Who would you rather be with at work? Someone who hates what they are doing, or someone who loves what they are doing?
The answer is obvious. People who love what they do seem to have a charisma or enthusiasm about them. Their attitudes are contagious, and for obvious reasons, they are simply more enjoyable to be around.
Remember different teachers you might have had in high school or college? I remember teachers that lectured – or should I say read from notes or a manuscript – to their classes. They never even looked up at their students. I also remember teachers who spoke from their hearts. They encouraged questions and classroom participation. They weren’t necessarily funny, but somehow their classes were fun and exciting to be in.

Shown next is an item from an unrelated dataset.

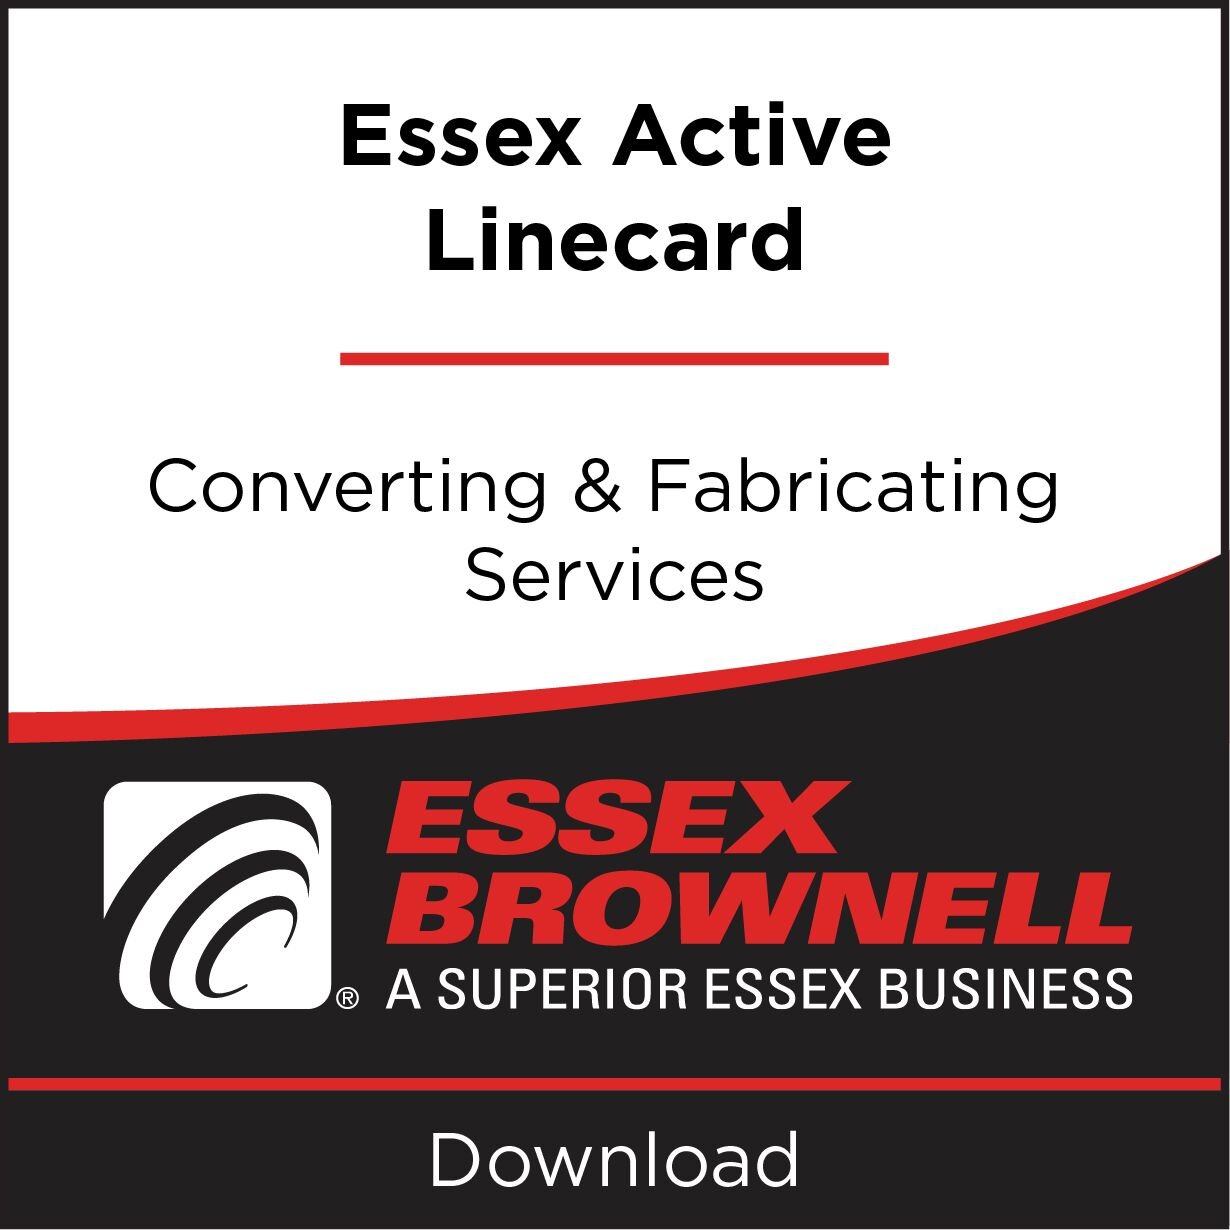 Essex Active Linecard (Converting & Fabricating Services)
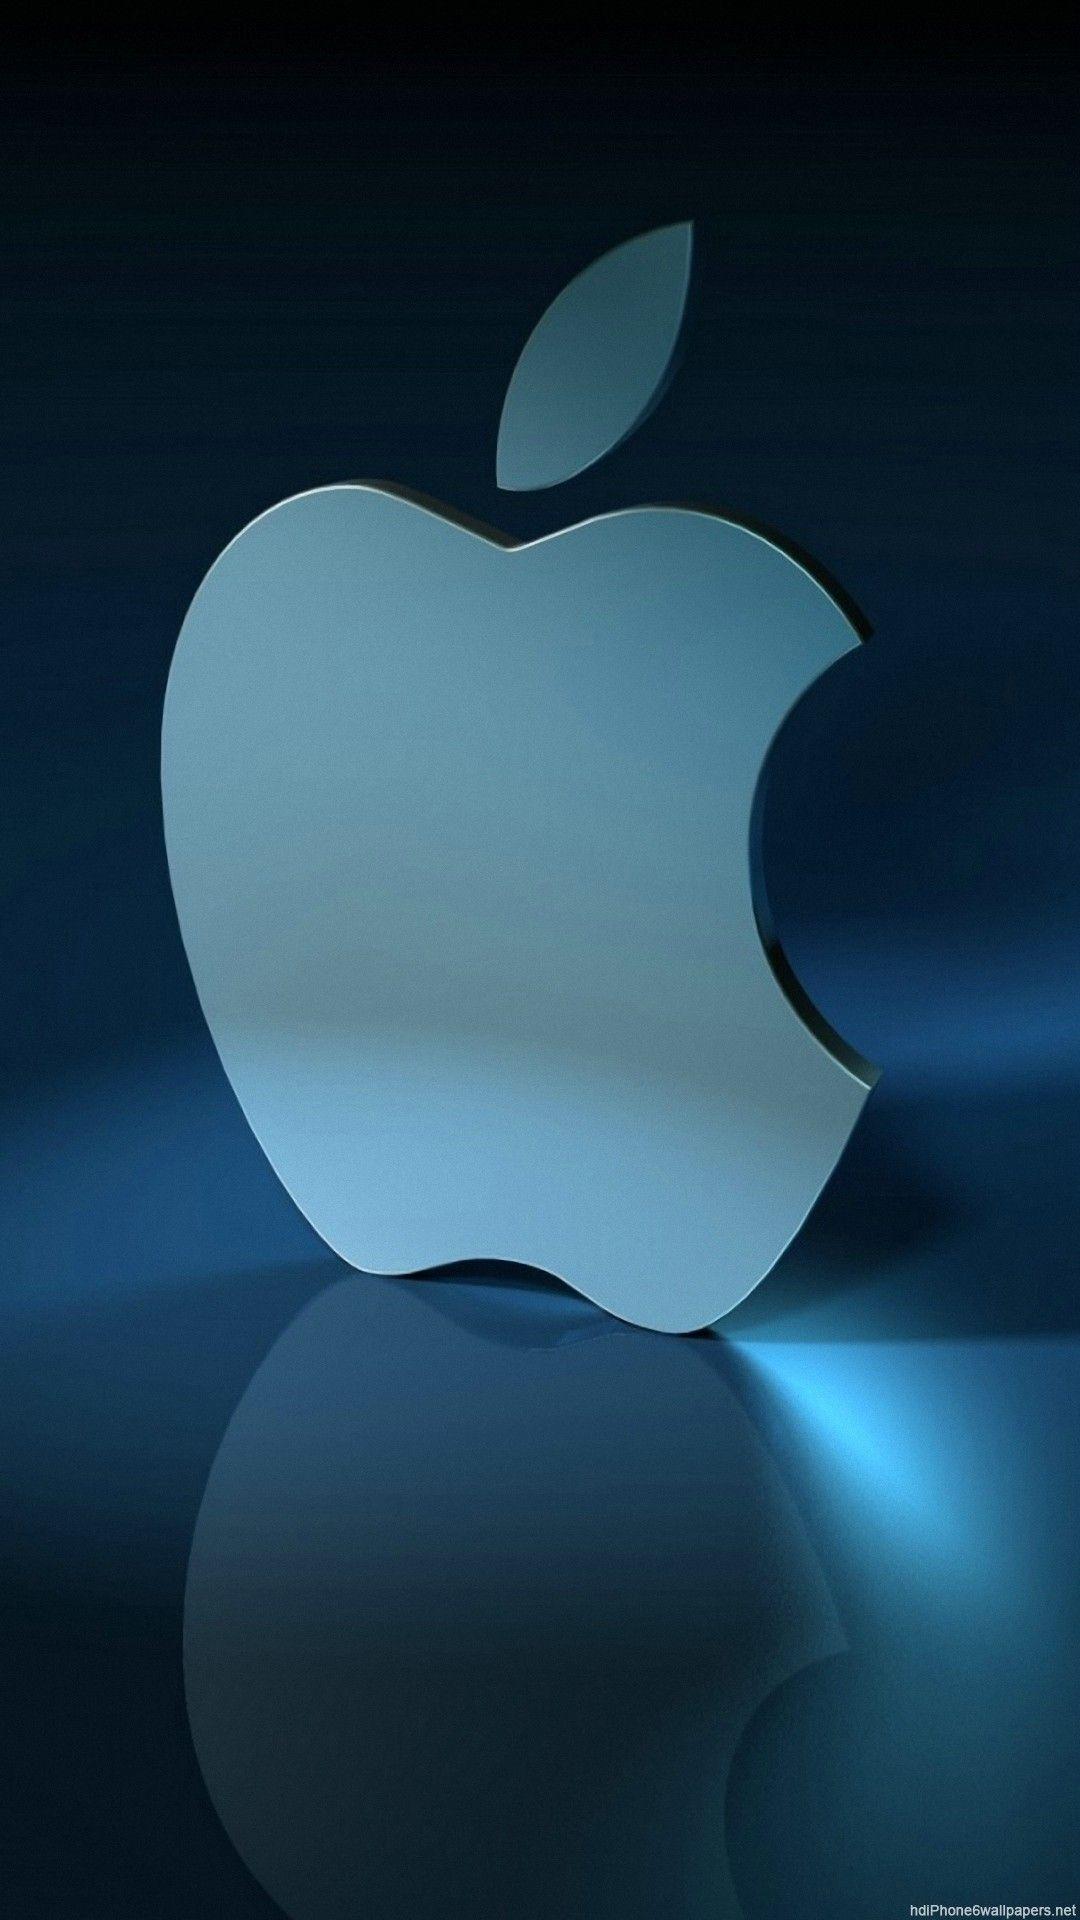 Apple Logo Wallpapers HD 1080p For Iphone - Wallpaper Cave

What’s the difference between the two? Well, part of the answer is enthusiasm. One teacher is simply doing the job, just going through the motions. The other teacher is immersed in his or her job, involved with the students and creating a learning experience. The first teachers educate the students by lecturing. All information is going one way, from teacher to student. Either the student gets it or doesn’t. They try to take notes and listen, with every attempt not to fall asleep. The other teachers are encouraging two way learning. They interact and communicate with students.
Isn’t it almost the same in the working environment? Some people just work for their paycheck. Others work for their company and personal fulfillment.
This reminds me of a story that I first heard Zig Ziglar tell at one of his seminars. There were some employees of a major railroad company standing around the tracks. A large limousine pulls up to the workers and out steps a well dressed man, the president of the railroad company. The president walks up to one of the workers and says, “Hello Bob, how are you?” Bob says, “I’m doing great, Gene. Thanks for asking.”
When the president of the company walked away, the workers were impressed with Bob and asked him how he knew the president of the company on a first name basis. Bob told them that twenty years ago they started working together.
The workers asked Bob, “How come he’s president and you still work out here in the yard?”
Bob replied, “Twenty years ago when we started together, I went to work for the paycheck. Gene went to work for the railroad company.”
Gene obviously loved what he did and managed to work his way up to becoming president of the company. He didn’t get there by not caring or not having a passion for what he did. To get to the top where Gene started took a lot of hard work and enthusiasm in his job and his life.
Enthusiastic people tend to be more successful. And people like to be around enthusiastic people. If you can’t get excited about what you do and what you and your company sell, then you won’t get anyone around you excited either.
It is also important to understand that enthusiasm doesn’t mean you have to be physically excited about what you do. A friend of mine is a speaker. Technically speaking, he is a terrible speaker. He stands behind the lectern and speaks to the audience in a dull and monotone voice. When he starts a program his audience members immediately look at their watches to see when the next break will be.
What makes him different from the teachers we talked about above is that he really does have enthusiasm, he is just not capable of physically showing it. After just a few minutes the audience starts to pick up on it, and within fifteen to twenty minutes they are sitting on the edge of their seats, soaking up his information.
Every once in a while there is a twinkle in his eye. You can tell he loves what he is talking about. He is just not a good speaker. And, that is okay. The audience accepts that, and picks up on his passion for the subject on which he is presenting. While not physically evident, he does have the enthusiasm that it takes to get others excited.
Enthusiasm is contagious. And, a fellow professional speaker, Danny Cox, says that if enthusiasm is contagious, and what you have is not enthusiasm, that is also contagious!